Drivers and other road users are likely to experience improved safety because the bill prohibits misleading marketing of partially automated driving systems, reducing driver overtrust and clarifying driver responsibilities.
Vehicle buyers and lessees get standardized, plain‑language pre‑purchase disclosures and short summaries (including system capabilities and limits, operational design domain, and likely costs), making it easier to compare systems and avoid surprise fees.
Owners, lessees, and drivers receive advance notice of software updates that materially change driving tasks, giving them the chance to accept, delay, or seek more information before changes affect vehicle behavior.

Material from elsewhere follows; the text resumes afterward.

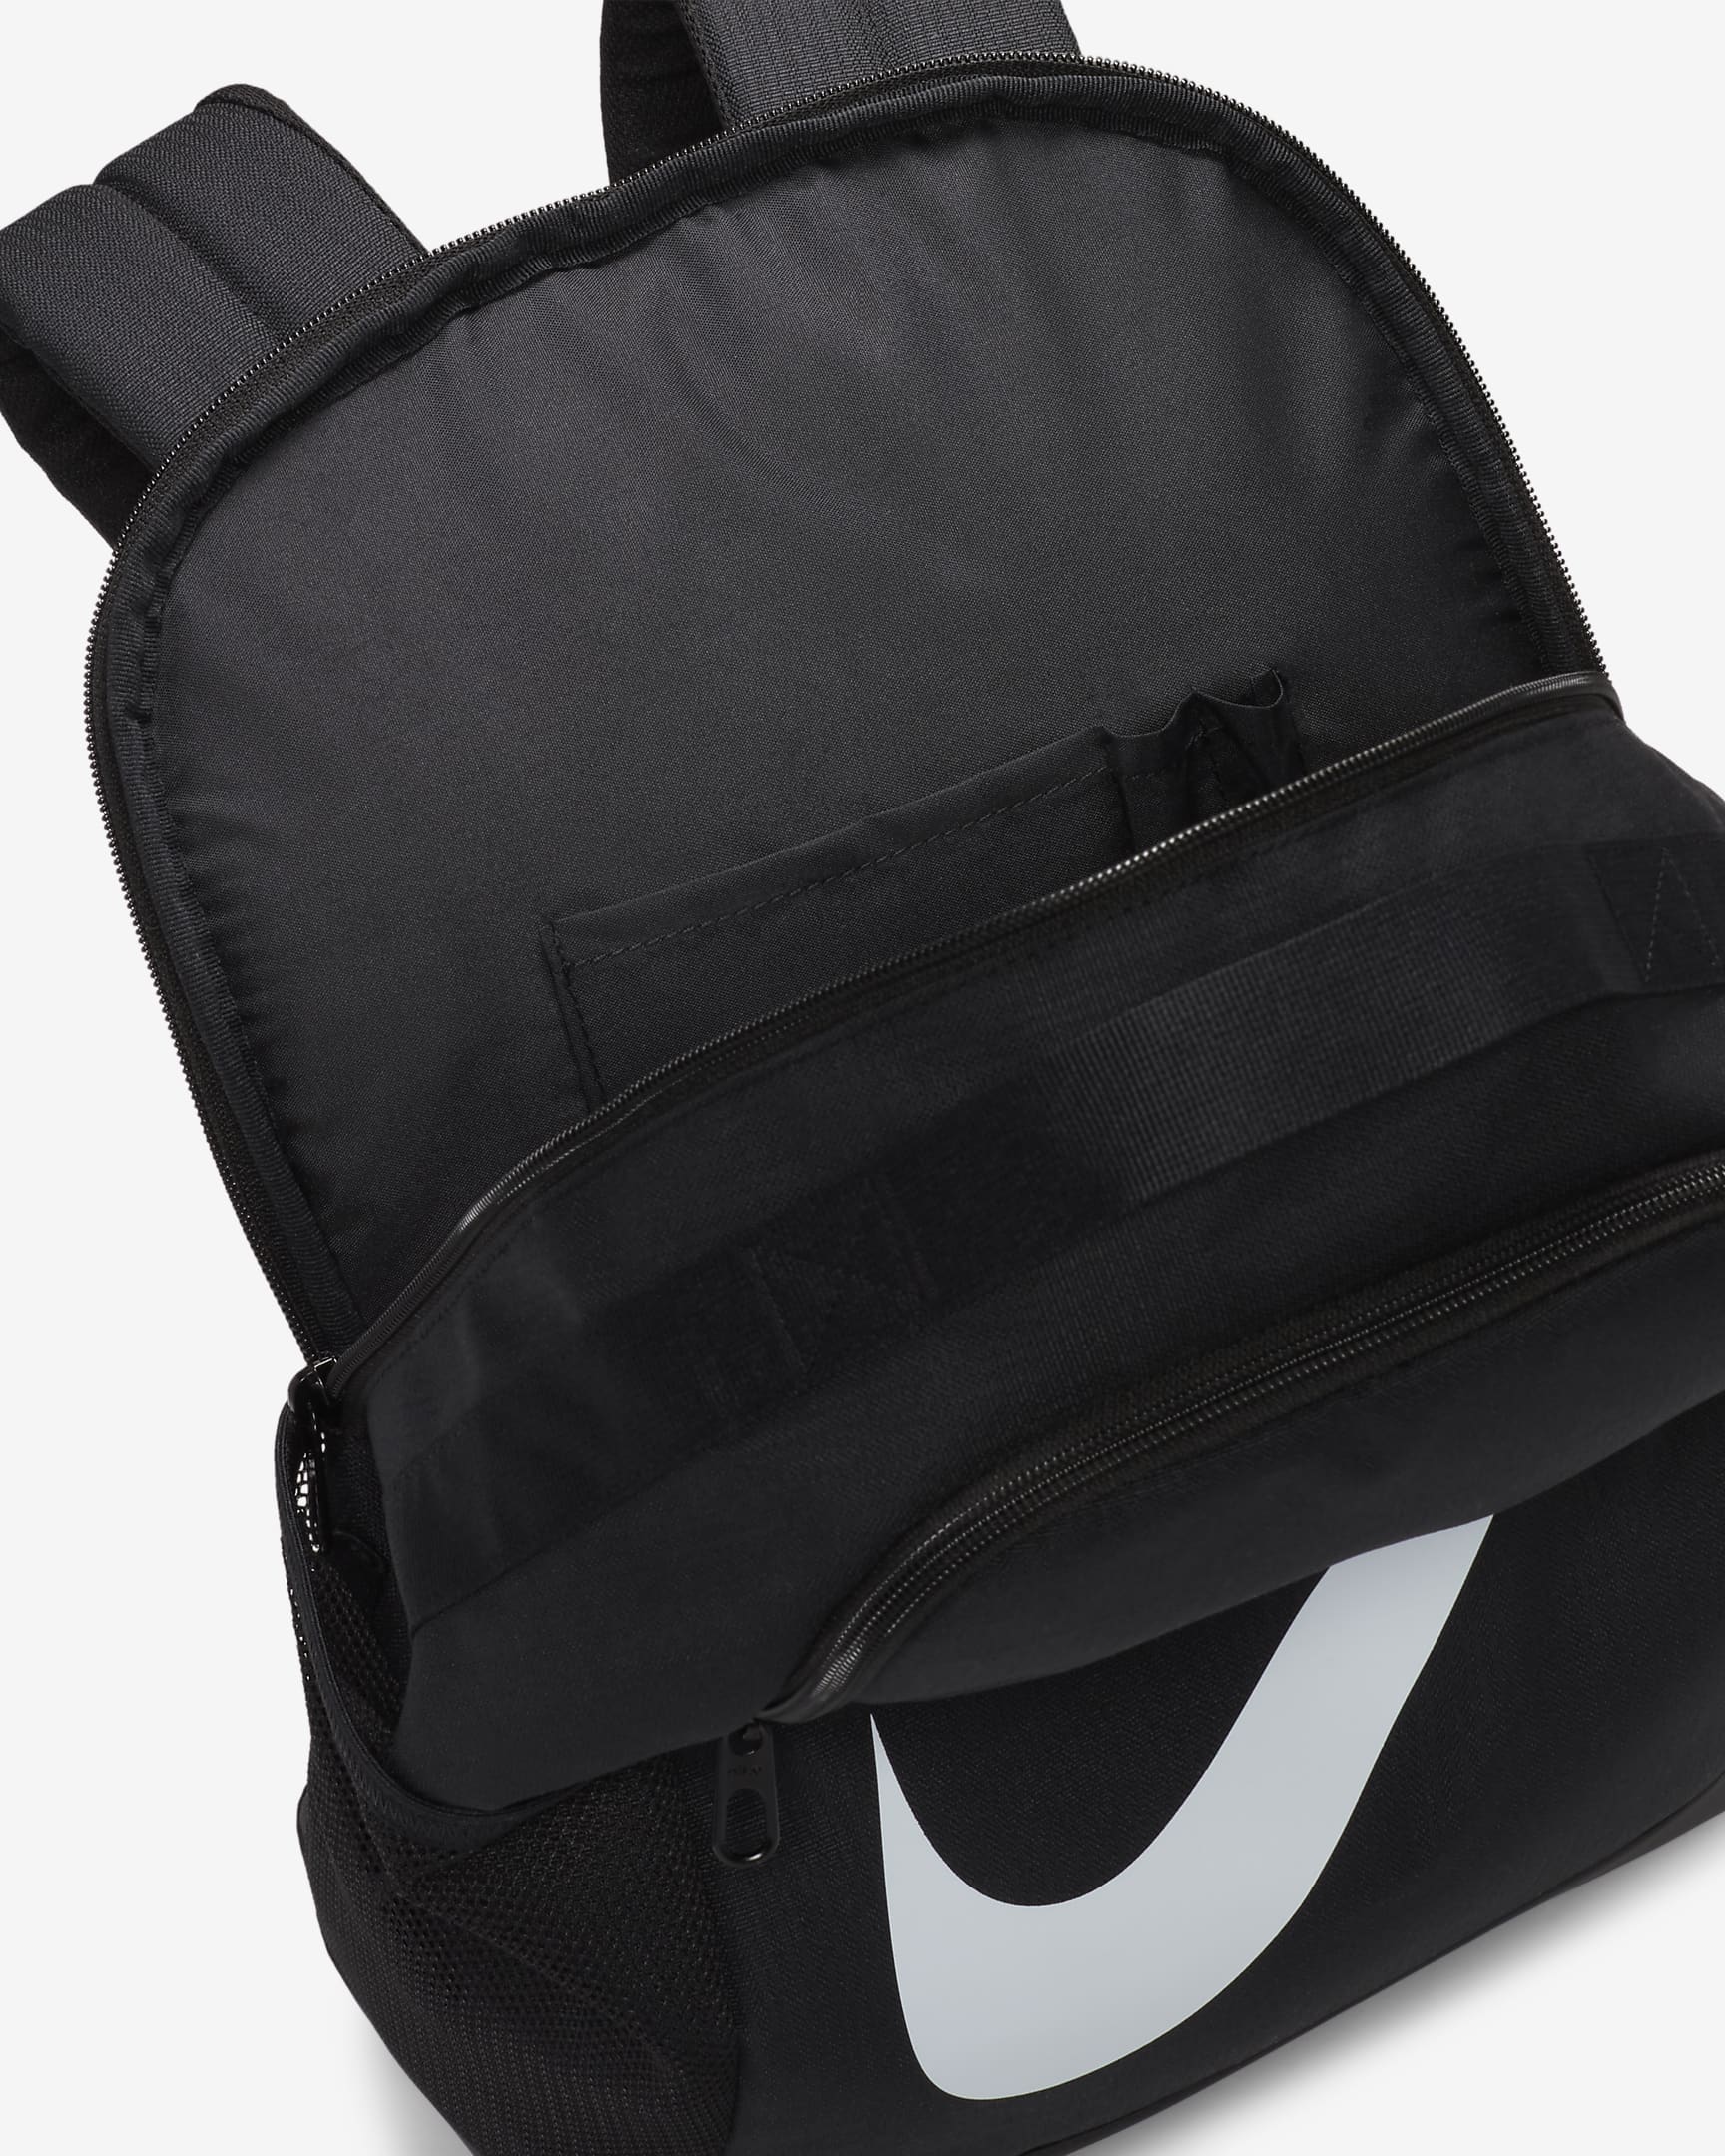 Nike Brasilia Kids' Backpack (18L). Nike AU

Vehicle purchasers and lessees may face higher vehicle prices or new fees if manufacturers pass compliance costs (labeling, disclosures, legal exposure) on to consumers.
The required notices, labels, and disclosures may have limited real‑world safety benefit if drivers ignore or misunderstand them, meaning promised reductions in misuse and overtrust may not materialize for many drivers.
Increased enforcement and litigation risk could raise manufacturers' legal costs and incentivize firms to limit features or exit some offerings, potentially reducing consumer choice and innovation.
Based on analysis of 2 sections of legislative text.
Prohibits misleading claims about partially automated driving systems and requires clear notices to dealers and buyers about system features, limits, and driver duties.
Introduced February 4, 2026 by Kim Schrier · Last progress February 4, 2026
Requires vehicle makers to stop advertising partially automated driving systems as fully automated or overstating their capabilities, and to give clear, prominent notices to dealers and buyers describing what the system can and cannot do and what the driver must do. Gives the National Highway Traffic Safety Administration (NHTSA) authority to enforce these requirements and sets short timelines for compliance, including a 180-day ban on misleading claims and two-year deadlines for sales and software-update notice rules.